Provided records:
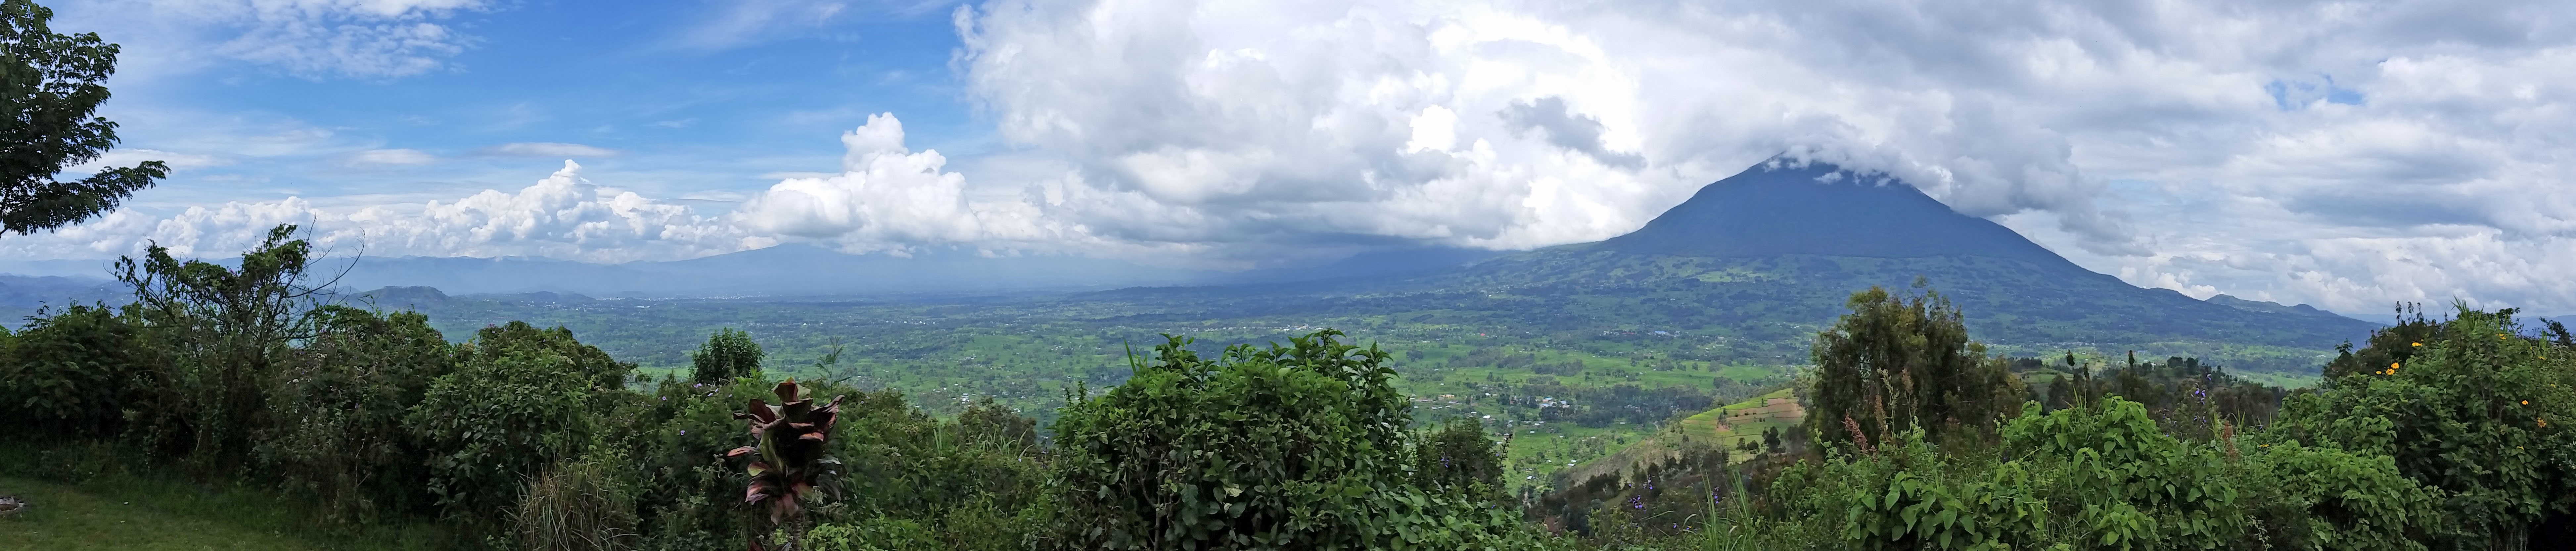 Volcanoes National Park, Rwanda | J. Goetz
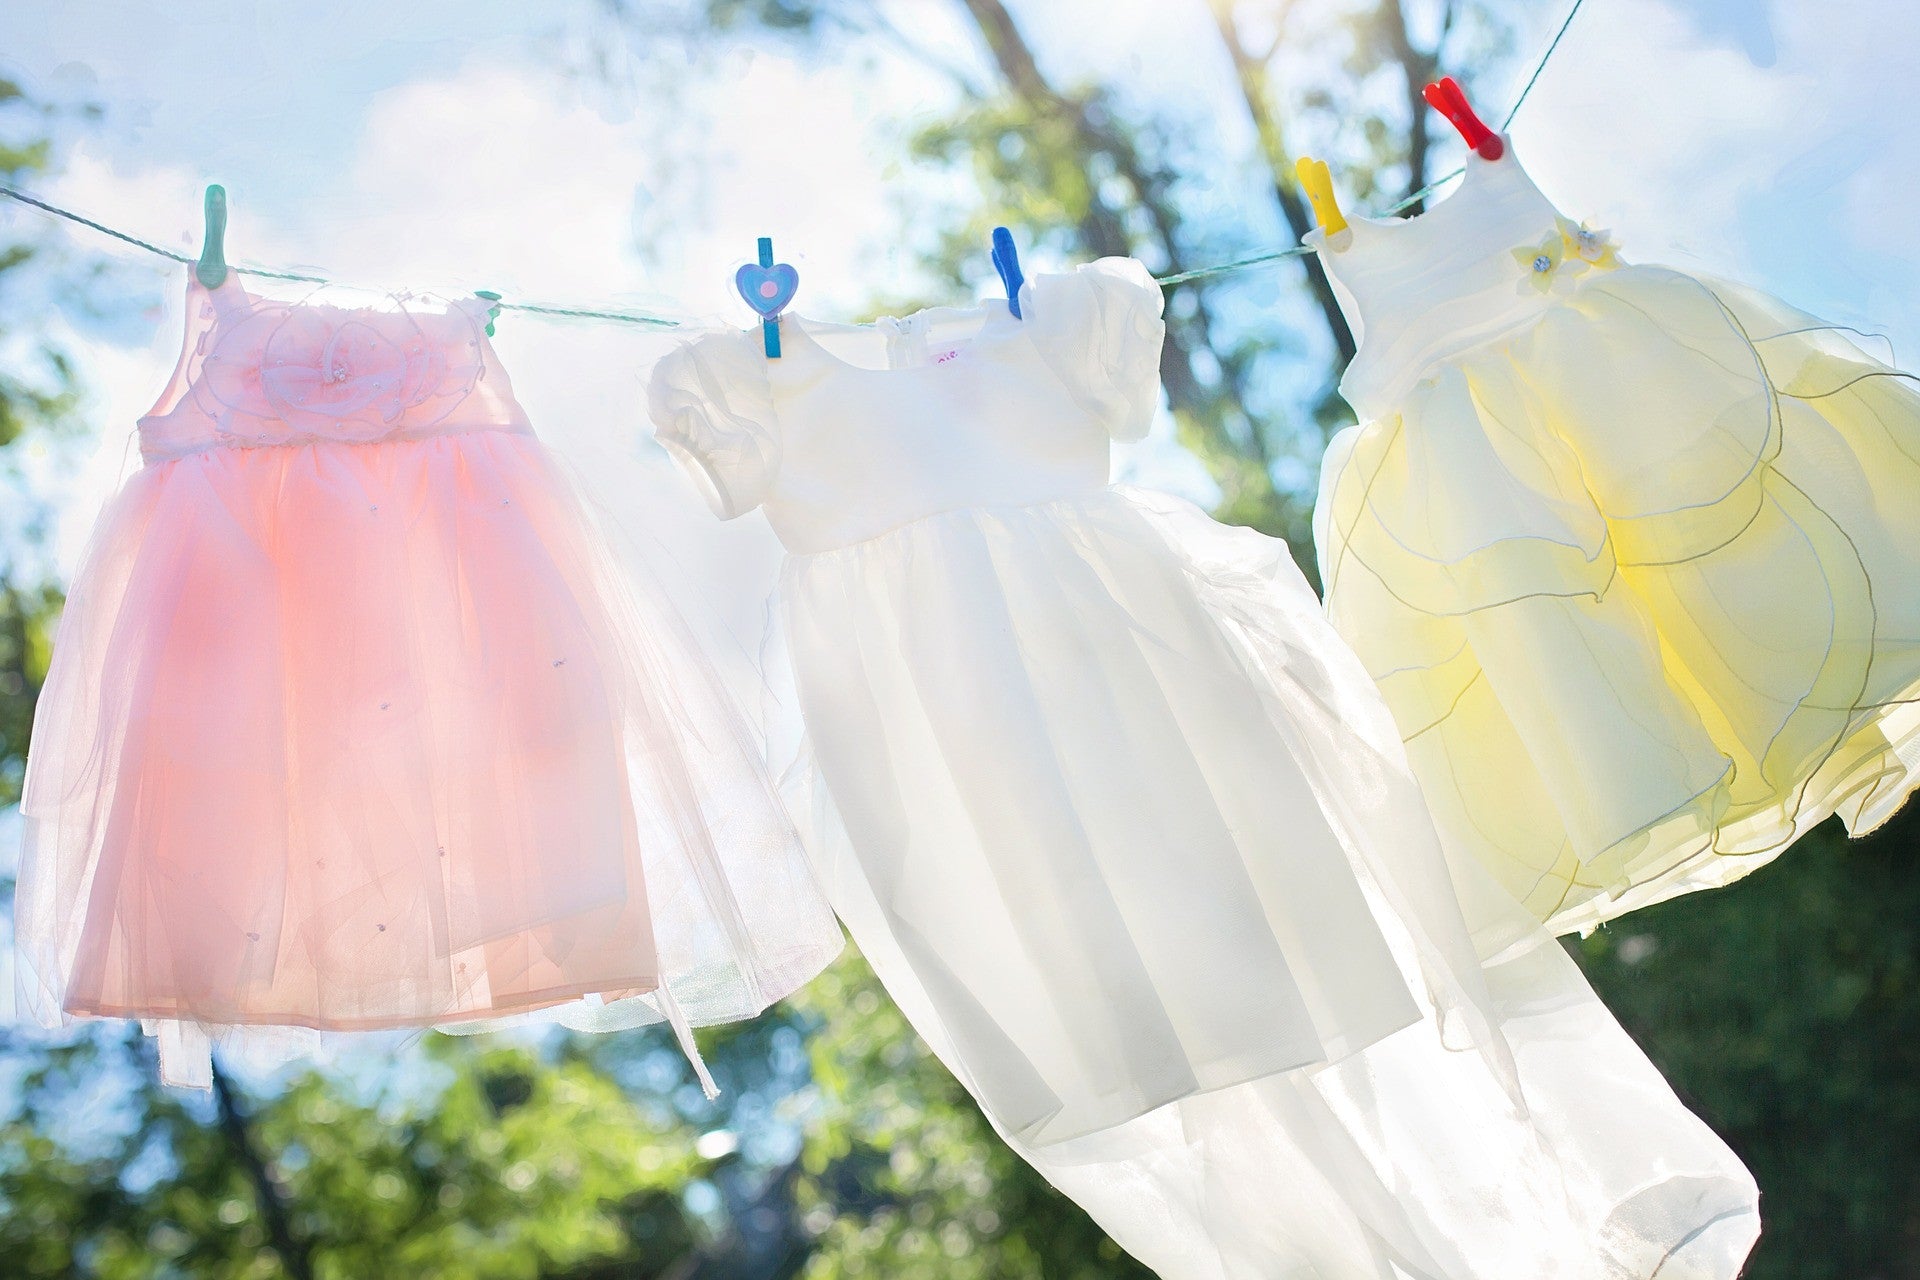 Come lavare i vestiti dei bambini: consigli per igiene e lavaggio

...

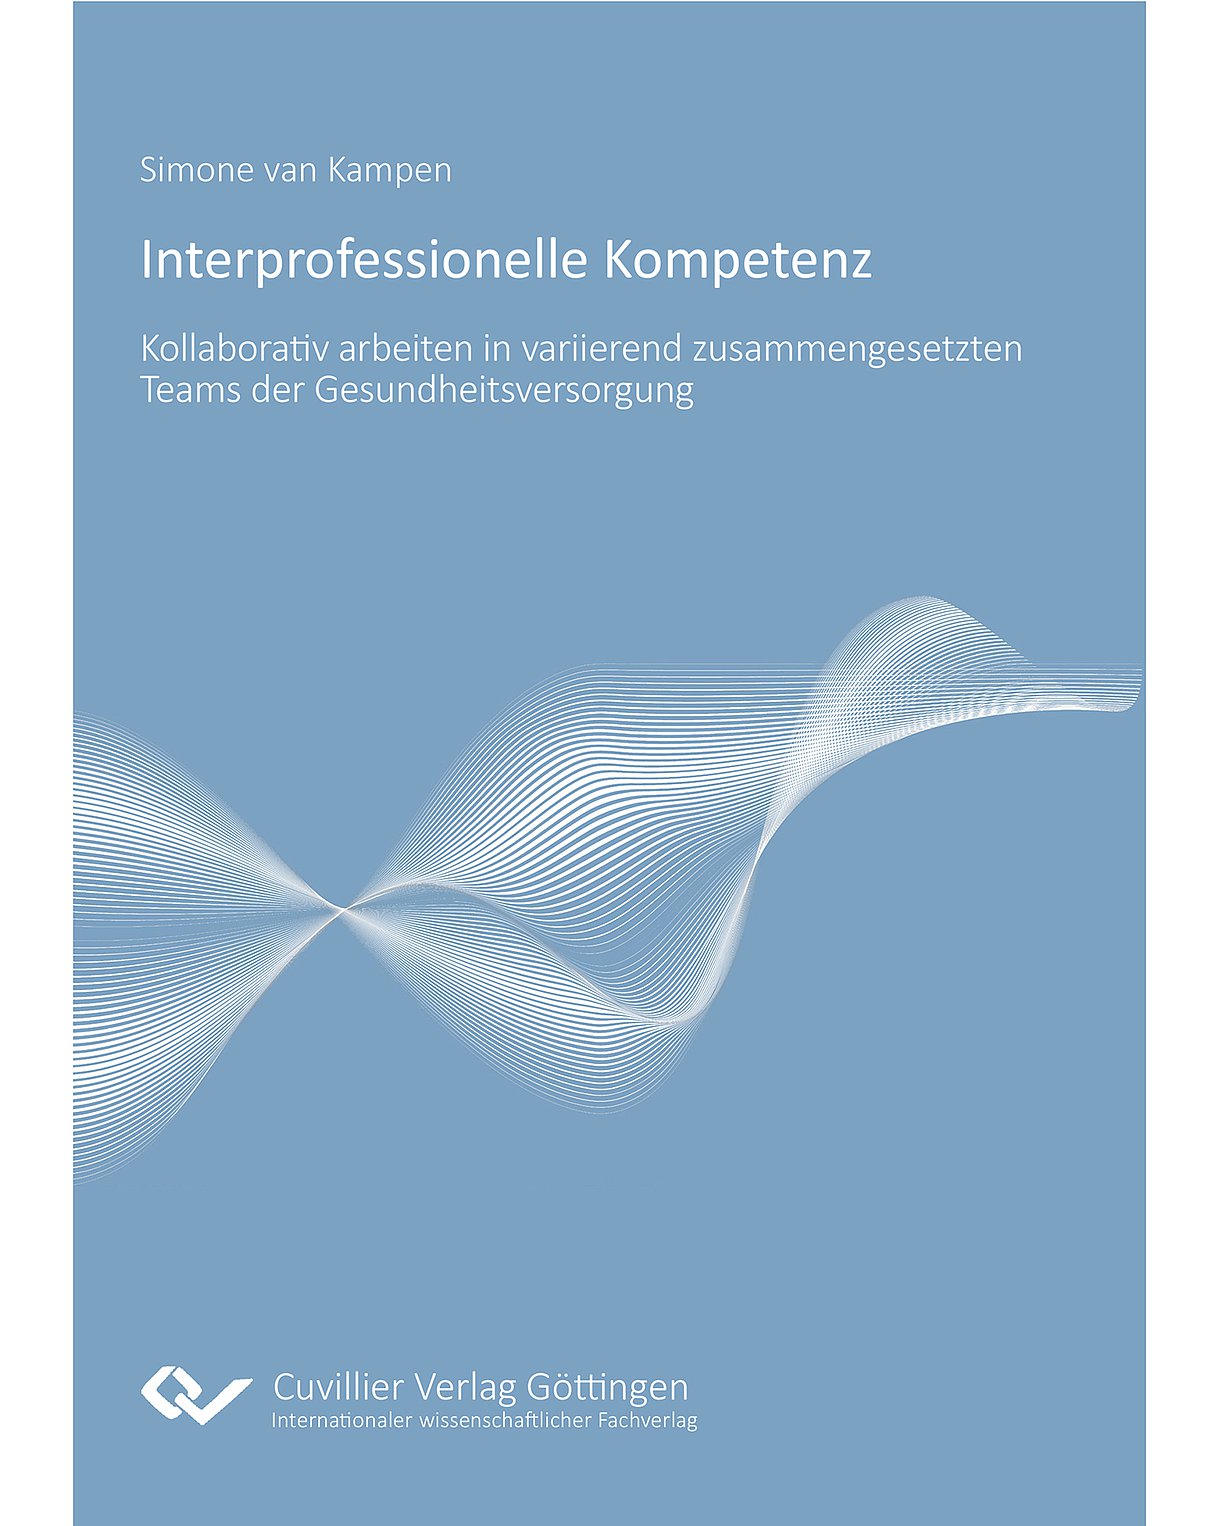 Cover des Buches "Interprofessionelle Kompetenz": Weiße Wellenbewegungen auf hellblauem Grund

What to work on: Using the entries above, transcribe exactly from the line that has "Volcanoes National Park, Rwanda | J. Goetz" through the line that has "Come lavare i". Pictures are dropped.

Response for this exercise:
 Volcanoes National Park, Rwanda | J. Goetz
 Come lavare i vestiti dei bambini: consigli per igiene e lavaggio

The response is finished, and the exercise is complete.